I am not sure why I believe this, but I think that academia has to reach some final bottom– like a drug addict– before it can even begin to address its own recent history, particularly the steady destruction of full-time faculty positions. At some point– 50% or 75% part-time?– the problem will become so self-evident that it can no longer be ignored. I sometimes wonder if it will become evident to the public before it is self-evident to academics.

It’s hyperbole, of course, to equate American teachers with an Indian caste, but this piece (“When Adjunct Faculty are the Tenure-Track’s Untouchables”) suggests that full-time faculty complicity may be one important reason change can seem so distant:

Truth is that ladder-rank faculty are growing old and we are not prepared to pick this important fight with our administrations or UCOP. We are edging towards retirement, counting our beans in our pension funds, and just holding on until we escape amidst encircling doom. Safe in retirement, many of us will tut-tut and speak of the halcyon days when ladder rank faculty were little gods with real rights.

“When Adjunct Faculty are the Tenure-Track’s Untouchables” Chris Newfield

Newfield is referring to California universities; as goes California, the saying goes, so goes the United States. The article is worth reading, although it does little more than repeat the obvious: in recent years: our fight is increasingly not simply against an administrative culture overly concerned with markets and business models but also with status-bound, complacent full-time faculty. Maybe that last complaint signals that rock bottom is closer than ever.

Educational Futures

Almost half of recent college graduates did not get jobs in their field of choice. The majority of these underemployed appear to work in the retail or restaurant industries. Among those working in the retail industry, 78 percent had desired to enter a different industry prior to graduating. Similarly, 81 percent of those graduates working in the restaurant industry had wanted to enter a different industry. This study once again showed that many of our recent graduates are currently underutilized.

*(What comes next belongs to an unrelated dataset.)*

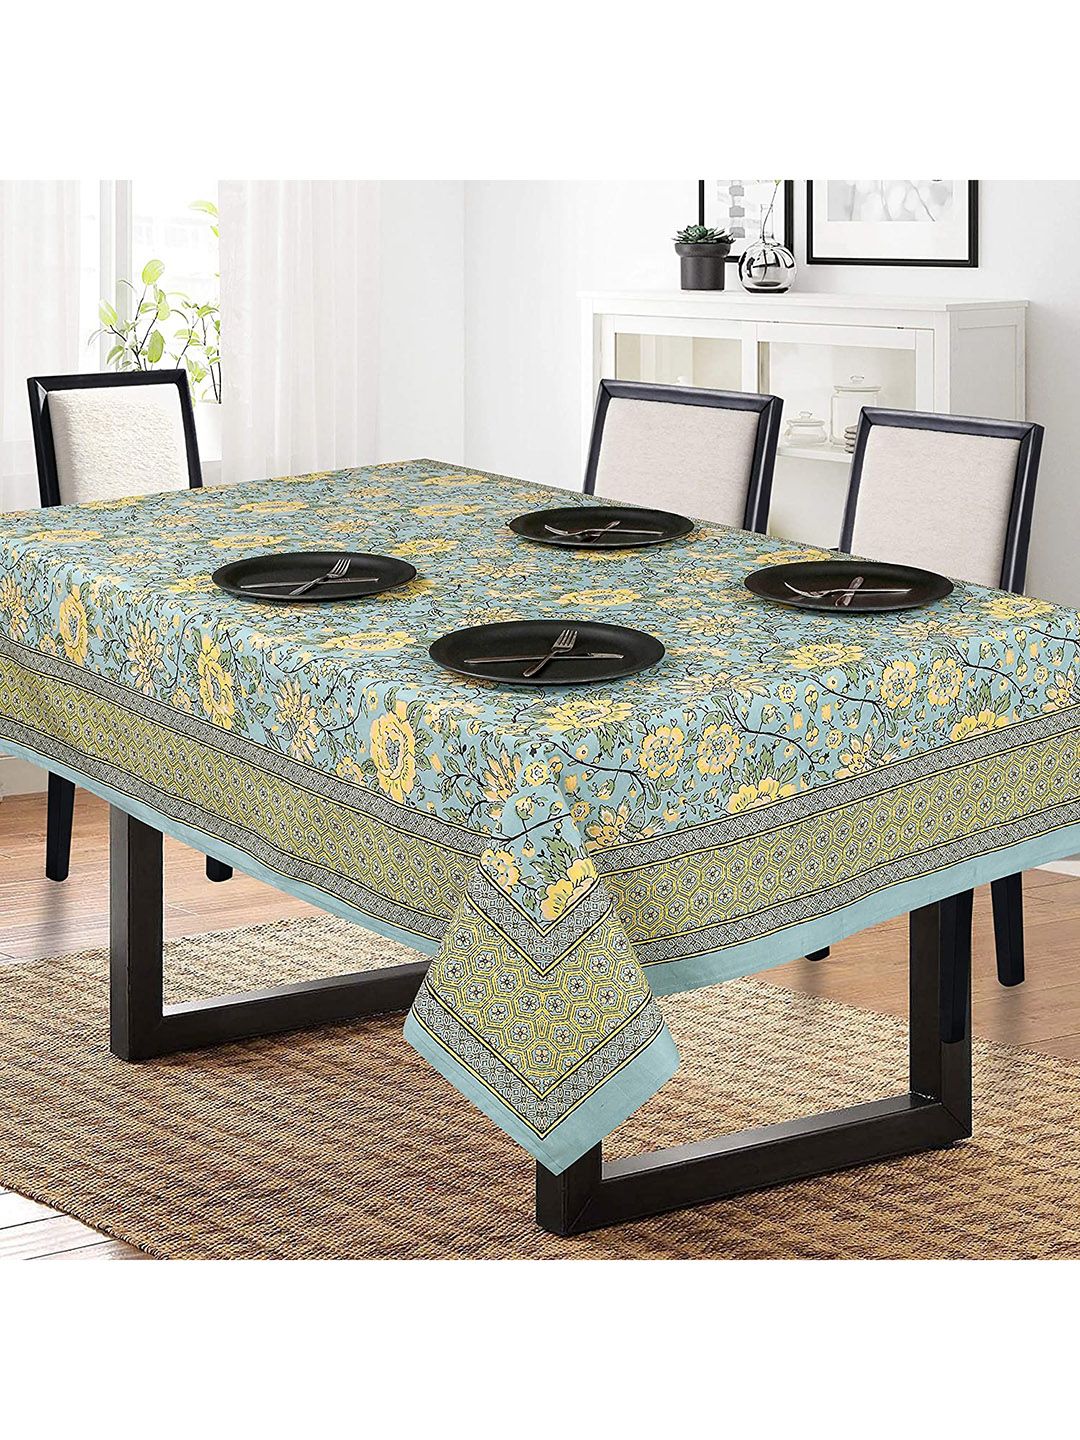 SHADES of LIFE Turquoise Blue & Yellow Floral Printed Solid Cotton 6-Seater Table Covers Price in India

McKinsey on Young College Graduates,” Will Kimball

When I worked at a public university I was always surprised to find so many professors in favor of raising tuition. Not all of them would admit it, but the consensus seemed to be that the more expensive an education becomes, the better the students. Many professors would rather send off the difficult students to the community colleges– or to a poorly paid job– than have to deal with trying to teach them.

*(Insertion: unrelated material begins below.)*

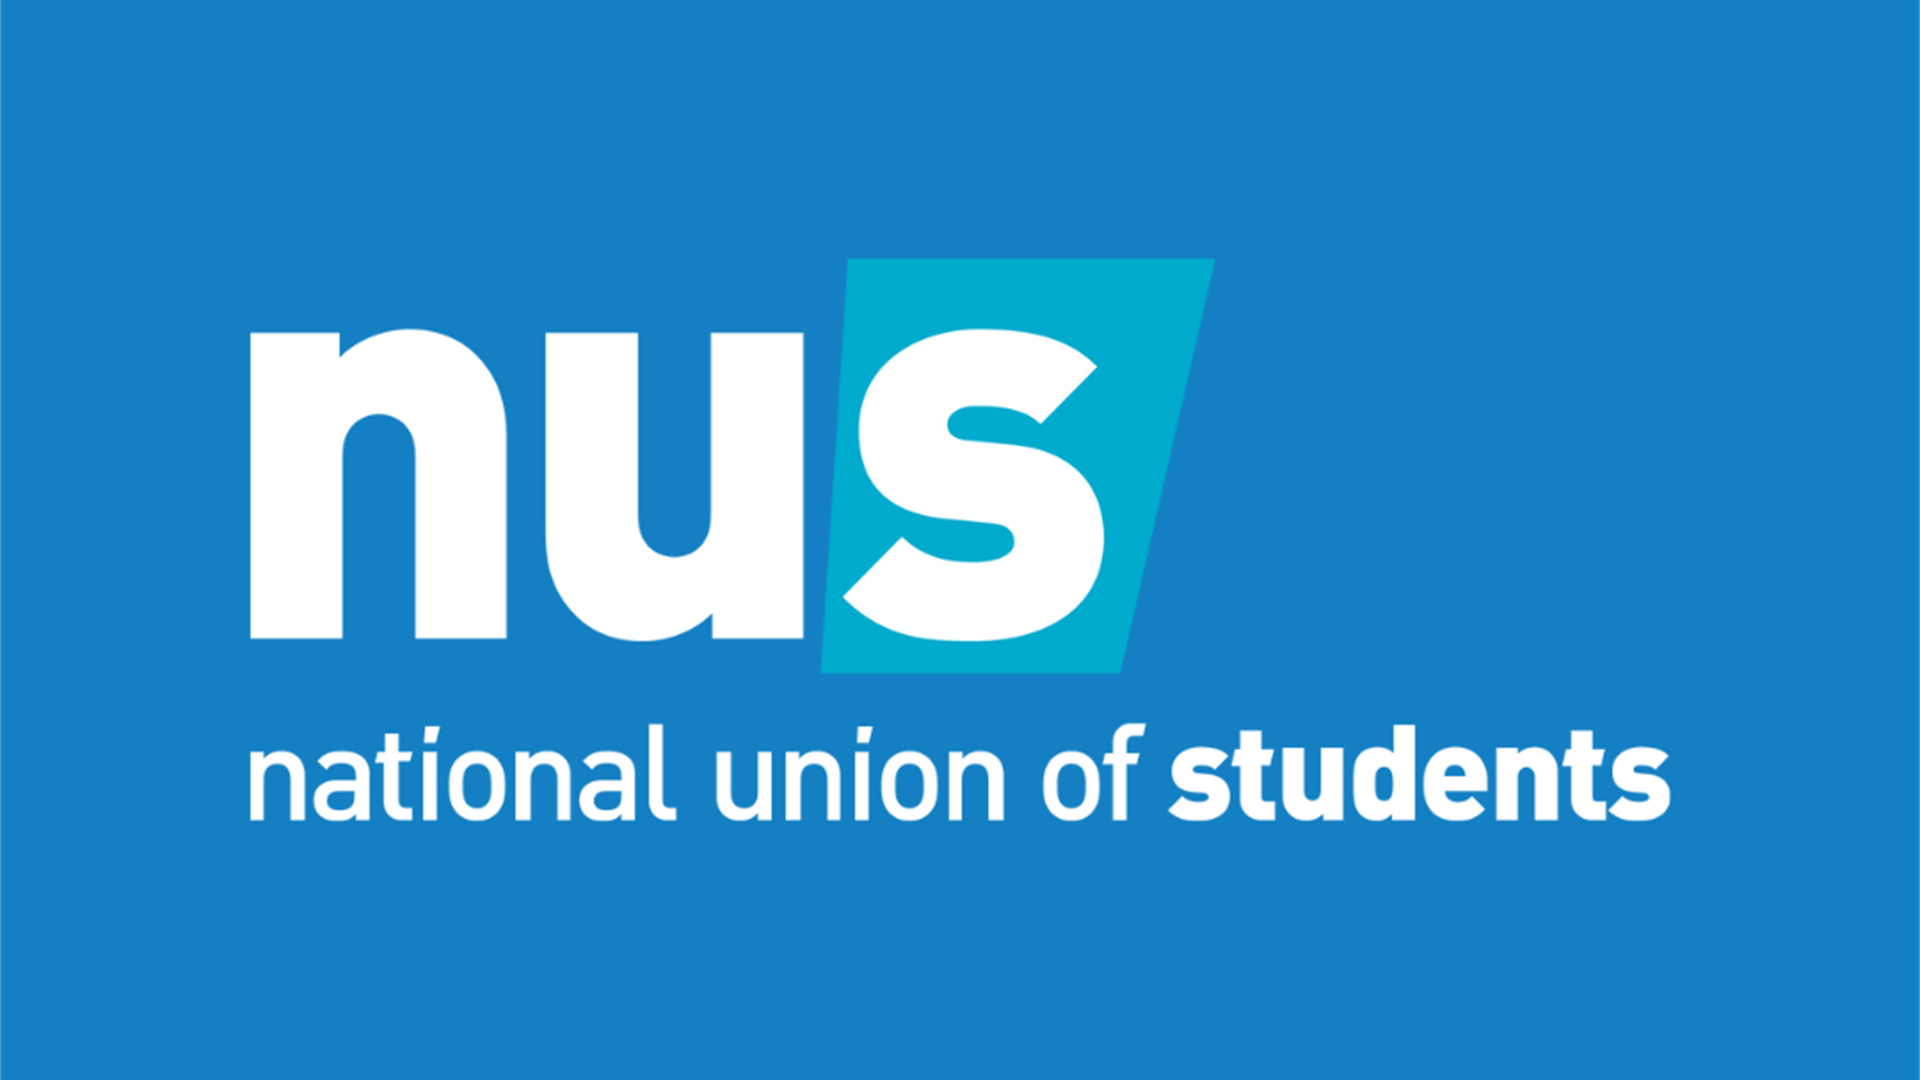 Arts SU is an affiliate of the National Union of Students. Find out how you can get involved in with the national student movement here

Some students, it was commonly said, are simply not college material. The real issue isn’t about who can or cannot learn; it’s about money and time. The less well-prepared students are more expensive in every way. They need more personal attention, which means smaller class sizes, and it can be a challenge to convince them that learning is worth the time and effort. Too many people think it’s just not worth it.

This CEPR report worries me because some people will use it to argue that too many people are going to college; that college is too expensive given that we don’t need as many graduates as we already have, and so on. It’s the classic reactionary push against social progress. Maybe (now that the debt crisis is over) we ought to be expanding those fields– research, science, education itself– that require a college degree.